The simulate_ldr_literal() code always loads a 64-bit quantity, and when
simulating a 32-bit load into a 'W' register, it discards the most
significant 32 bits. For big-endian kernels this means that the relevant
bits are discarded, and the value returned is the the subsequent 32 bits
in memory (i.e. the value at addr + 4).
Additionally, simulate_ldr_literal() and simulate_ldrsw_literal() use a
plain C load, which the compiler may tear or elide (e.g. if the target
is the zero register). Today this doesn't happen to matter, but it may
matter in future if trampoline code uses a LDR (literal) or LDRSW
(literal).
Update simulate_ldr_literal() and simulate_ldrsw_literal() to use an
appropriately-sized READ_ONCE() to perform the access, which avoids
these problems.
Fixes: 39a67d49ba35 ("arm64: kprobes instruction simulation support")
Cc: stable@vger.kernel.org
Signed-off-by: Mark Rutland <mark.rutland@arm.com>
Cc: Catalin Marinas <catalin.marinas@arm.com>
Cc: Will Deacon <will@kernel.org>
Link: https://lore.kernel.org/r/20241008155851.801546-3-mark.rutland@arm.com
Signed-off-by: Will Deacon <will@kernel.org>
Signed-off-by: Greg Kroah-Hartman <gregkh@linuxfoundation.org>
commit acc450aa07099d071b18174c22a1119c57da8227 upstream.
The simulate_ldr_literal() and simulate_ldrsw_literal() functions are
unsafe to use for uprobes. Both functions were originally written for
use with kprobes, and access memory with plain C accesses. When uprobes
was added, these were reused unmodified even though they cannot safely
access user memory.
There are three key problems:
1) The plain C accesses do not have corresponding extable entries, and
thus if they encounter a fault the kernel will treat these as
unintentional accesses to user memory, resulting in a BUG() which
will kill the kernel thread, and likely lead to further issues (e.g.
lockup or panic()).
2) The plain C accesses are subject to HW PAN and SW PAN, and so when
either is in use, any attempt to simulate an access to user memory
will fault. Thus neither simulate_ldr_literal() nor
simulate_ldrsw_literal() can do anything useful when simulating a
user instruction on any system with HW PAN or SW PAN.
3) The plain C accesses are privileged, as they run in kernel context,
and in practice can access a small range of kernel virtual addresses.

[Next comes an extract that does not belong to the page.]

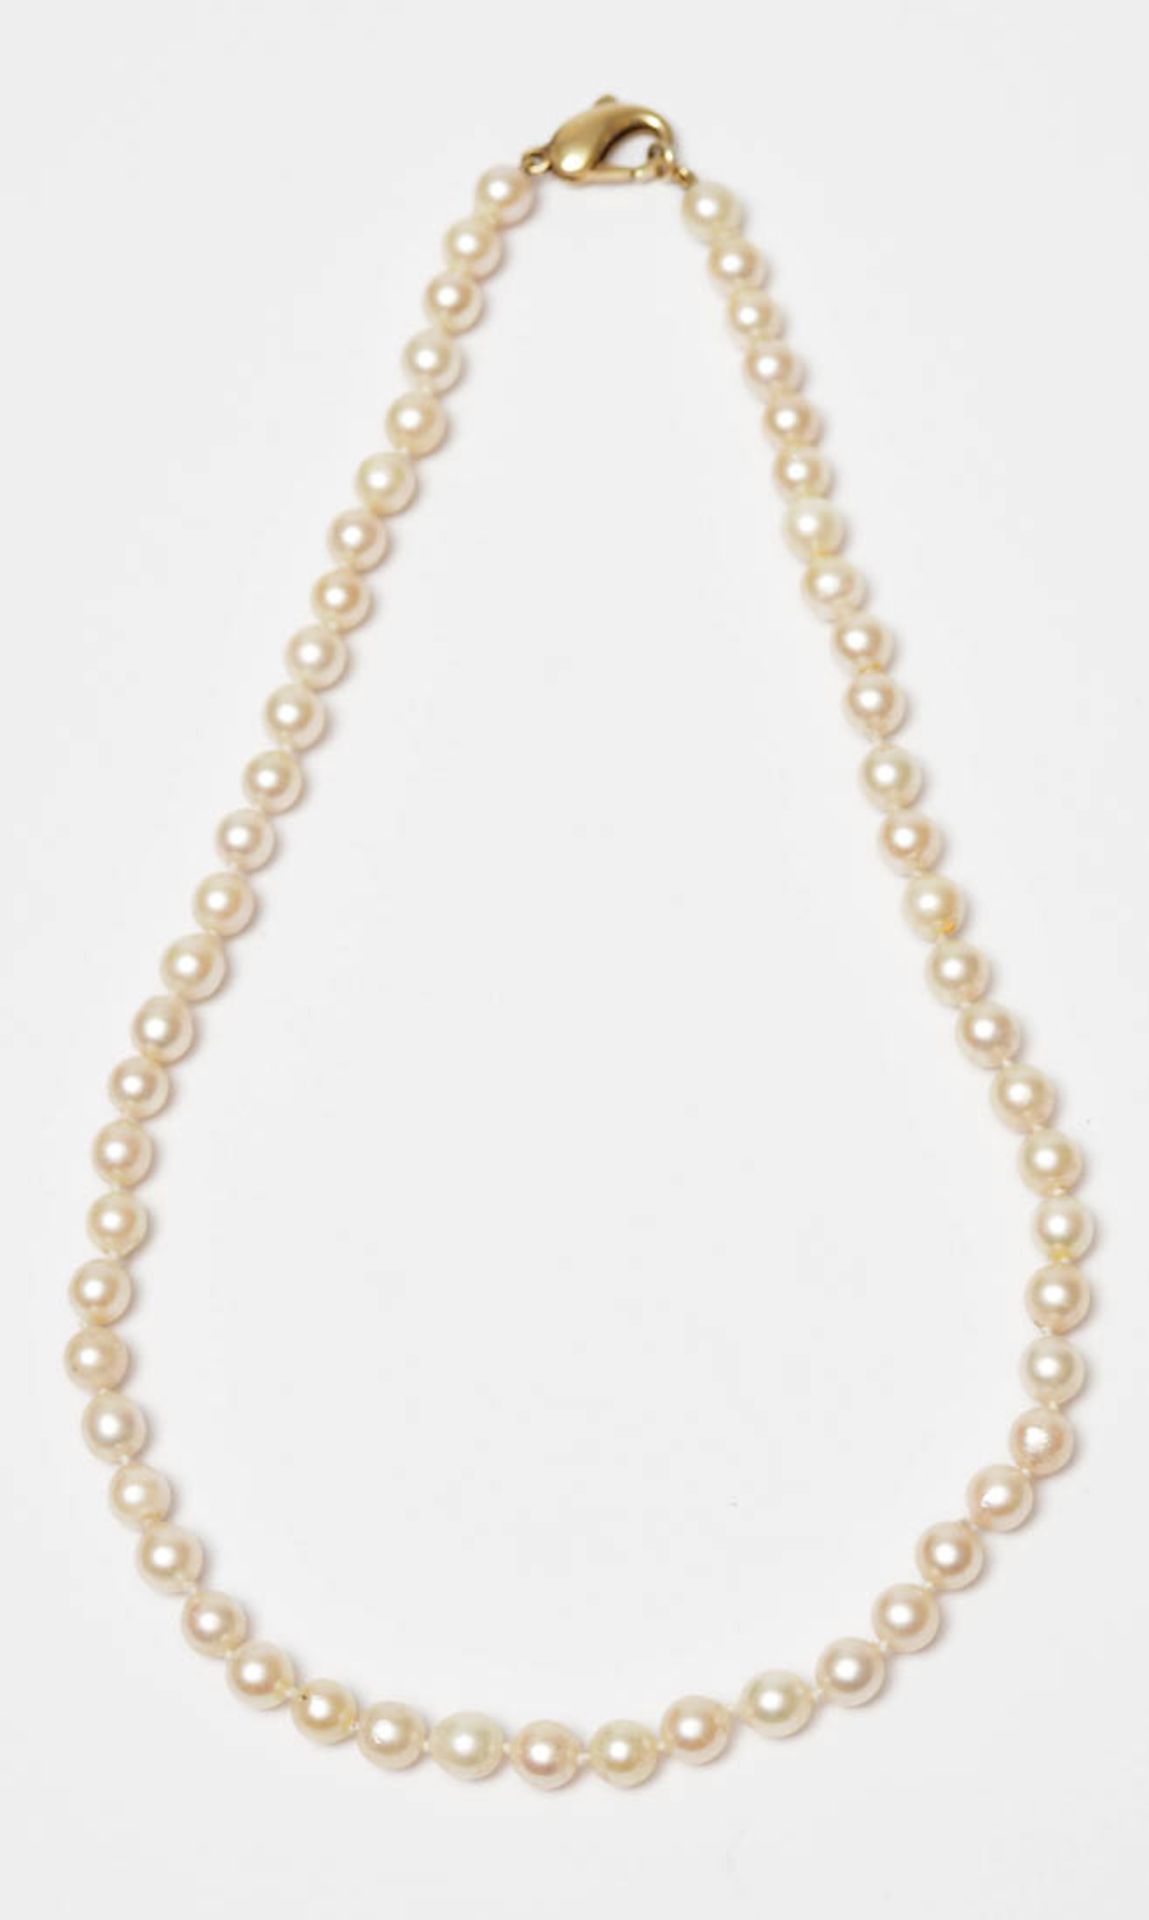 Perlenkette Gleichmäßige Perlen von je ca. 5-6mm Durchm. Karabinerschloss aus GG 14kt. L. ca. 42cm.

The instructions they simulate have a range of +/-1MiB, and since the
simulated instructions must itself be a user instructions in the
TTBR0 address range, these can address the final 1MiB of the TTBR1
acddress range by wrapping downwards from an address in the first
1MiB of the TTBR0 address range.
In contemporary kernels the last 8MiB of TTBR1 address range is
reserved, and accesses to this will always fault, meaning this is no
worse than (1).
Historically, it was theoretically possible for the linear map or
vmemmap to spill into the final 8MiB of the TTBR1 address range, but
in practice this is extremely unlikely to occur as this would
require either:
* Having enough physical memory to fill the entire linear map all the
way to the final 1MiB of the TTBR1 address range.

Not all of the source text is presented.